The so-called voter suppression tactics are essentially fraudulent. The term is used because of an appearance that this is a case of over-zealousness on a topic on which state governments have a legitimate interest. Looking at the disparity between the damage done to the electoral process compared with the scale of the problem supposedly addressed shows that this is beyond over-zealousness.

Consider this story: https://www.washingtonpost.com/news/post-politics/wp/2016/10/15/group-accuses-mike-pence-of-voter-suppression-after-state-police-raid-registration-program-in-indiana/

40 thousand+ applications seized because of 10 applications with errors (and hence deemed potentially fraudulent registrations).

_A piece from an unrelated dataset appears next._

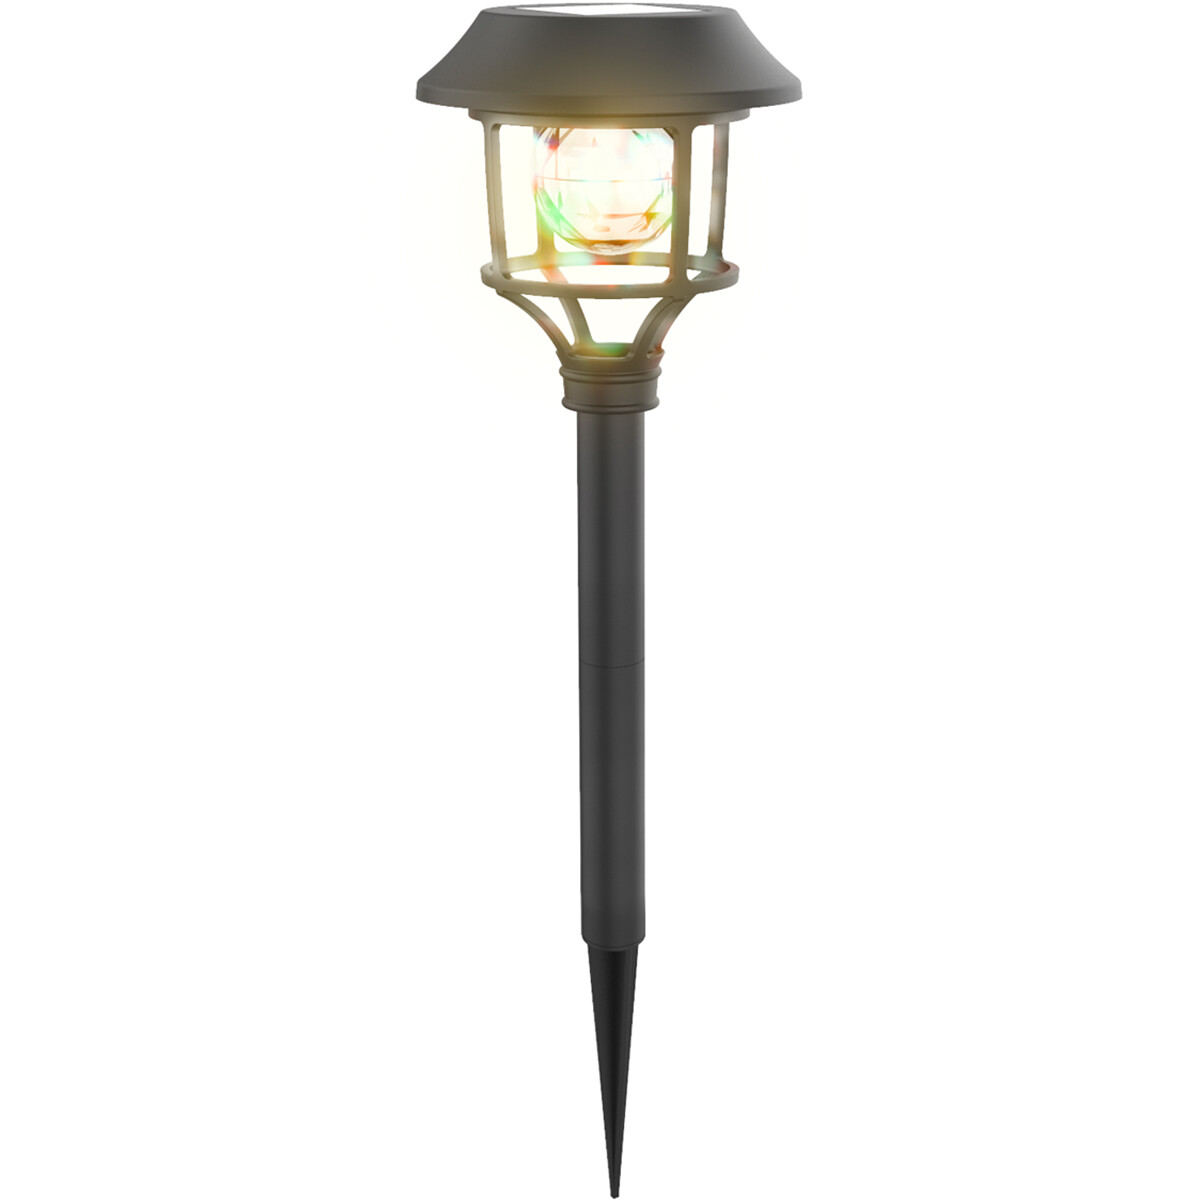 LED Priklamp met Zonne-energie - Aigi Haki - 0.08W - RGB - Mat Zwart - Kunststof

Armed police used to raid an office – primarily it seems to disrupt their work.

Here is an alternate view http://www.brennancenter.org/sites/default/files/analysis/The%20Truth%20About%20Voter%20Fraud.pdf

This report calls for a narrow definition of voter fraud:

“Voter fraud” is fraud by voters.
More precisely, “voter fraud” occurs when individuals cast ballots despite knowing that they are ineligible to vote, in an attempt to defraud the election system.
This sounds straightforward. And yet, voter fraud is often conflated, intentionally or unintentionally, with other forms of election misconduct or irregularities.
That makes sense, but unfortunately trying to control language when one side has a vested interest not to and mass-media plays along, is a Sisyphean task. I’ve gone the other direction – if fraud is defined widely (as Republicans prefer) then apply a wide definition because a wide definition encompasses the bigger attempt to rig the electoral process against democracy.
It is classic misdirection – look over here at this thing, so people don’t notice this other thing going on under their noses. And it is effective. Consider the comments on this blog that sent me off to better inform myself about voter fraud. We had claims from a regular contributor about graveyards full of voters. Meanwhile in reality:
Death records.
Voting from the grave offers salacious headlines, and investigators often attempt to match death records to voter rolls in an attempt to produce purported evidence of fraud. Yet in addition to the problems with inaccurate matching identified above, a simple match of death records to voter rolls may conceal citizens who voted before dying, in quite ordinary fashion. In Maryland in 1995, for example, an exhaustive investigation revealed that of 89 alleged deceased voters, none were actually dead at the time the ballot was cast. The federal agent in charge of the investigation said that the nearest they came was when they “found one person who had voted then died a week after the election.”
Similarly, in New Hampshire, postcards were sent to the addresses of citizens who voted in the 2004 general election; one card was returned as undeliverable because the voter died after Election Day, but before the postcard arrived at her home.
Even in ideal circumstances, matching identities from one set of records with another is prone to error. I’ve worked with data involving relatively small numbers of people, with individual IDs, that should correspond as key fields that still has inconsistencies.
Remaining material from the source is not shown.